- Oraio Location within Greece
- Coordinates: 41°16′26″N 24°50′02″E﻿ / ﻿41.274°N 24.834°E
- Country: Greece
- Administrative region: Eastern Macedonia and Thrace
- Regional unit: Xanthi
- Municipality: Myki
- Municipal unit: Myki

Population (2021)
- • Community: 811
- Time zone: UTC+2 (EET)
- • Summer (DST): UTC+3 (EEST)

= Oraio =

Village in Greece

Oraio (Ωραίο, Брещене, Орайово) is a settlement in the municipality Myki in the Xanthi regional unit of Greece. Oraio is a Pomak Muslim majority village. It was founded in the 12th century AD, when its population was still Bulgarian Christian. The conversion to Islam occurred during the period 17th-18th century.

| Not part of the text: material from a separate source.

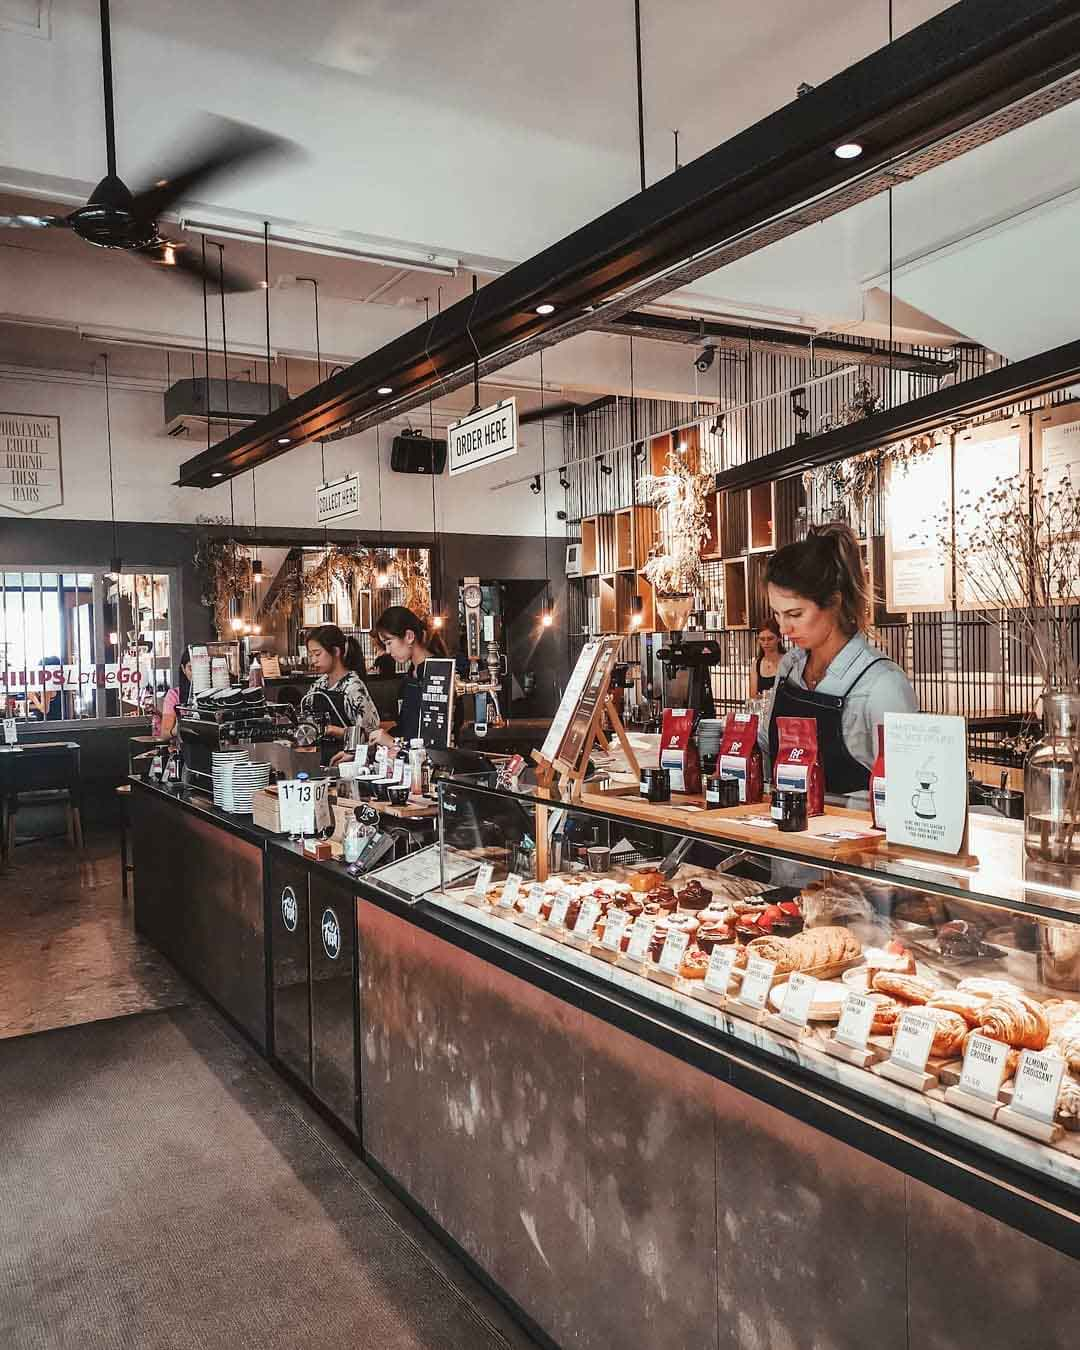 Coffee Cafes Singapore - Chye Seng Huat Hardware Coffee
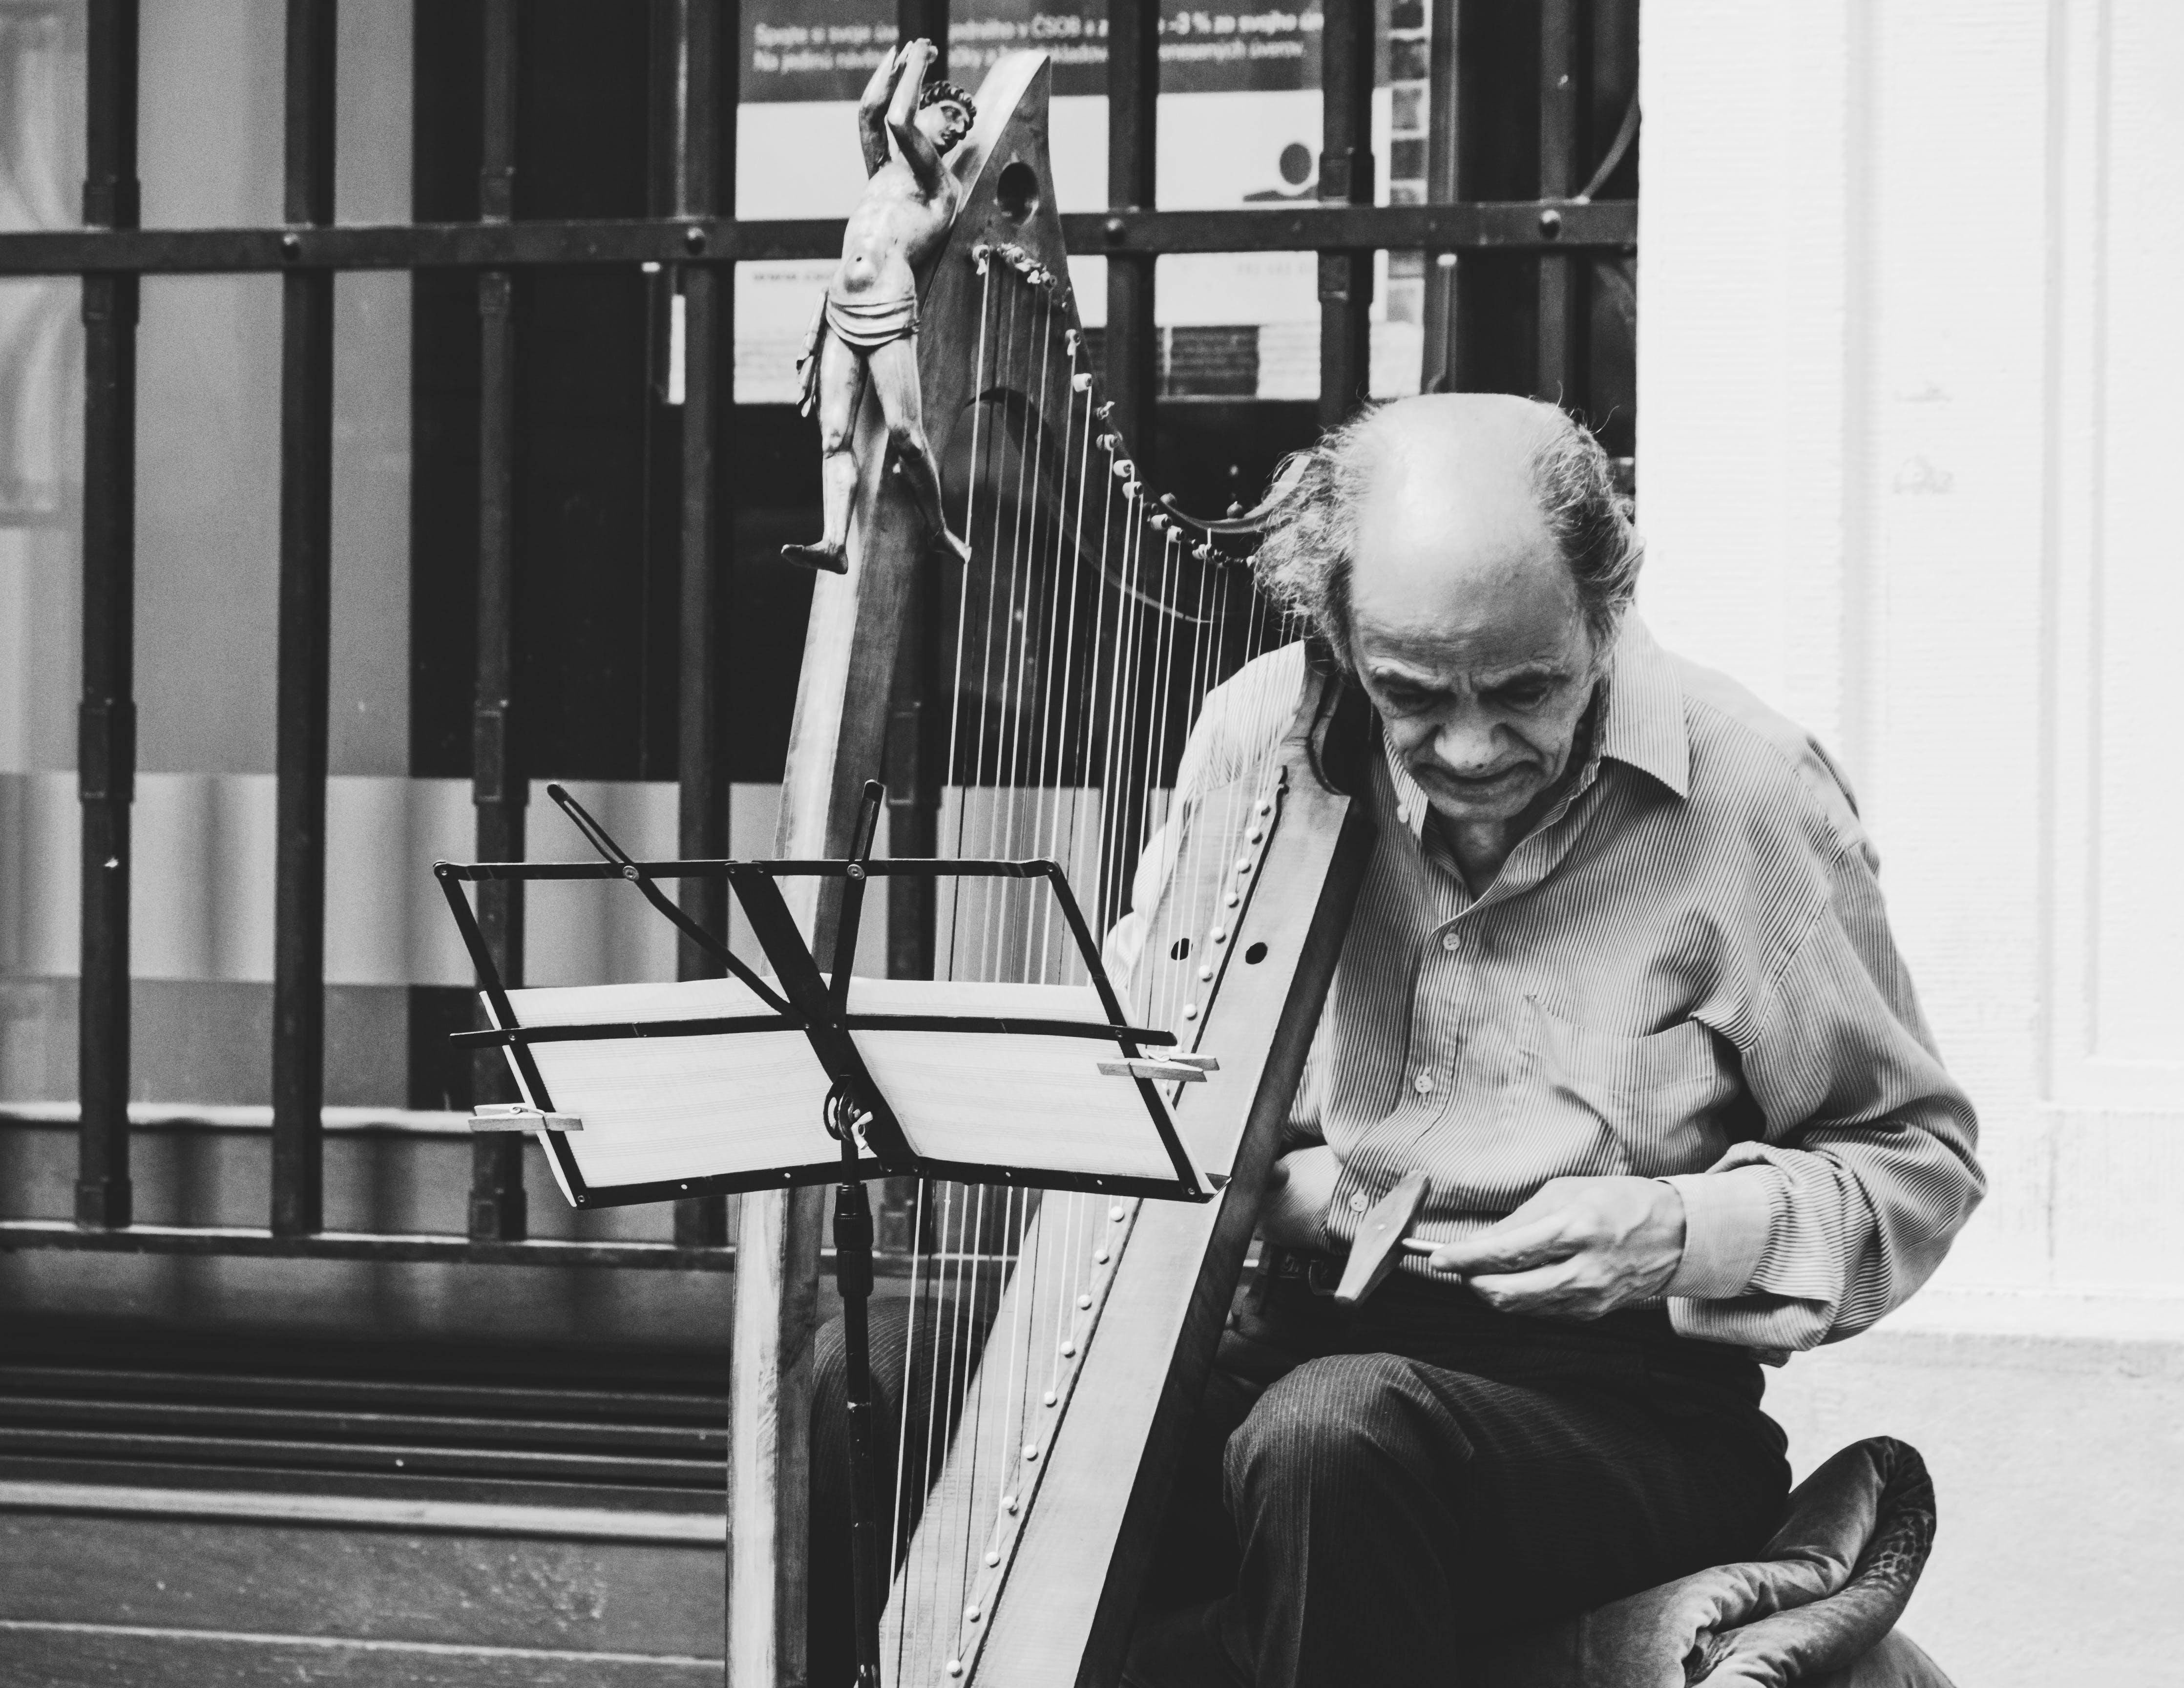 Greyscale Photo of Man Holding Harp

Following the First Balkan War, Bulgaria took possession of Oraio in 1912, but after a period of eight months it was taken back by the Greek army. Shortly thereafter, as part of the accords concluding the Balkan Wars, Oraio and Western Thrace were ceded to Bulgaria and remained a part of the latter until the end of World War I. Following the Bulgarian defeat in this war, Western Thrace, and thus Oraio, was given to Greece in the second half of April 1920 at San Remo conference of the prime ministers of the main allies of the Entente powers (except the US). Later in 1923 it was left to Greece with the rest of Western Thrace region by the Treaty of Lausanne. It was occupied by Bulgaria in the period 1941–1944 during World War II. Later in 1944 it was left to Greece.

In the 2021 census, Oraio had a population of 811, the majority of whom are Pomaks. The father of American actress and producer Rita Wilson was originally from Oraio.